The science of the climate is complex. The warming of the planet is not linear or uniform. Sometimes people say, "the earth can't be warming up, it was really cold last winter." A cold winter in one area or even a whole region doesn't prove global warming isn't happening, because the warming doesn't happen in a straight line or uniformly. When scientists talk about global warming they are talking about trends over years, and also it is based on measurements at stations all over the entire globe and then averaged. Climate is not consistent. There are natural variations. But now greenhouse gases produced from human activity are taking things in a certain direction. Global warming isn't happening by every area of the globe warming equally at the same rate. But the earth as a whole is warming over years and decades, with different regions affected differently.
The "proof" that global warming is real comes from many different lines of evidence. Polar ice and glaciers are melting at an accelerating rate. Studies measuring temperature over the last several decades show a clear warming trend. The decade of the 1990s was warmer than the 1980s, and 2000-2009 was warmer than the 1990s. Eleven of the past 14 years are the warmest ever recorded. There is a great deal of evidence that, on average, spring is occurring earlier and earlier on the planet as a whole—affecting many plant and animal species. And there is also increasing evidence that climate extremes—more devastating floods in some regions, severe droughts in others, heat waves and more powerful hurricanes in certain regions —have been occurring as climate patterns are being changed through this process.

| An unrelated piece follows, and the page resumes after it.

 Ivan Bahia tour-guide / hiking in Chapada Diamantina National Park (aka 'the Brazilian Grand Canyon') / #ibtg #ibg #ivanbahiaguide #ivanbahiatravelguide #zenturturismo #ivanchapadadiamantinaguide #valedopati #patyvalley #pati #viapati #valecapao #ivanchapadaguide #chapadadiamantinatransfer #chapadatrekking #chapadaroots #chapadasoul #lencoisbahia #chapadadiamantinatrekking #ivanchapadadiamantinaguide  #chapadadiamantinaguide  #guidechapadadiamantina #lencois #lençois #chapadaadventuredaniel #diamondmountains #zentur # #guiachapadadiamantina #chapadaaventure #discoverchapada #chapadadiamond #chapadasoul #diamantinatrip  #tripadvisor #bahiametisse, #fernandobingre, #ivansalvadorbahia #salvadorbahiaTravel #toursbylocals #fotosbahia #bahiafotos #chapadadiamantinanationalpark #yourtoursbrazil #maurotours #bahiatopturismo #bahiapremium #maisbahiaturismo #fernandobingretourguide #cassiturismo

As global warming continues, there is growing danger of "tipping points," where much more dramatic shifts to an unrecognizable planet become not only likely, but if greenhouse gases are not quickly and dramatically cut, inevitable. If "business as usual" continues, the planet will experience tremendous changes, such as the melting off of glaciers that provide fresh water for tens of millions making an already dire situation (where a billion people on earth don't have access to clean water) much, much worse. Even the potential breakdown of human societies causing much greater suffering and chaos than already exists could happen because of warming and other environmental destruction. These things and more are very possible and indeed likely if dramatic cuts in greenhouse gases are not made, and relatively quickly. These gases need to be cut by 80% by the year 2050, and by 25% to 40% by 2020 worldwide, in order to prevent the worst of global warming. Some warming is already inevitable and "built into the system" because the gases already in the air will continue to cause warming for a long time even if the amount put into the air is cut now.
The technology and know-how exist to make the dramatic and radical changes that are required to reverse all this. The kind of changes needed to address this problem would mean tremendous dislocation of the capitalist-imperialist system. It would require undermining the nature and workings of a capitalist-imperialist system that treats nature as just one more resource to be exploited and poured into production for profit. And the never-ending competition dictated by "expand or die" puts one fundamental goal above all else: the maximization of profit. This is why this system will not and cannot do what is really needed to address the problem of global warming.
To save the planet we need revolution—to bring into being socialist societies aimed at a communist world, where billions of people all over the world, with their vast knowledge and potential creativity, can be mobilized, led and unleashed to build a society that truly safeguards humanity and the very life of the planet itself.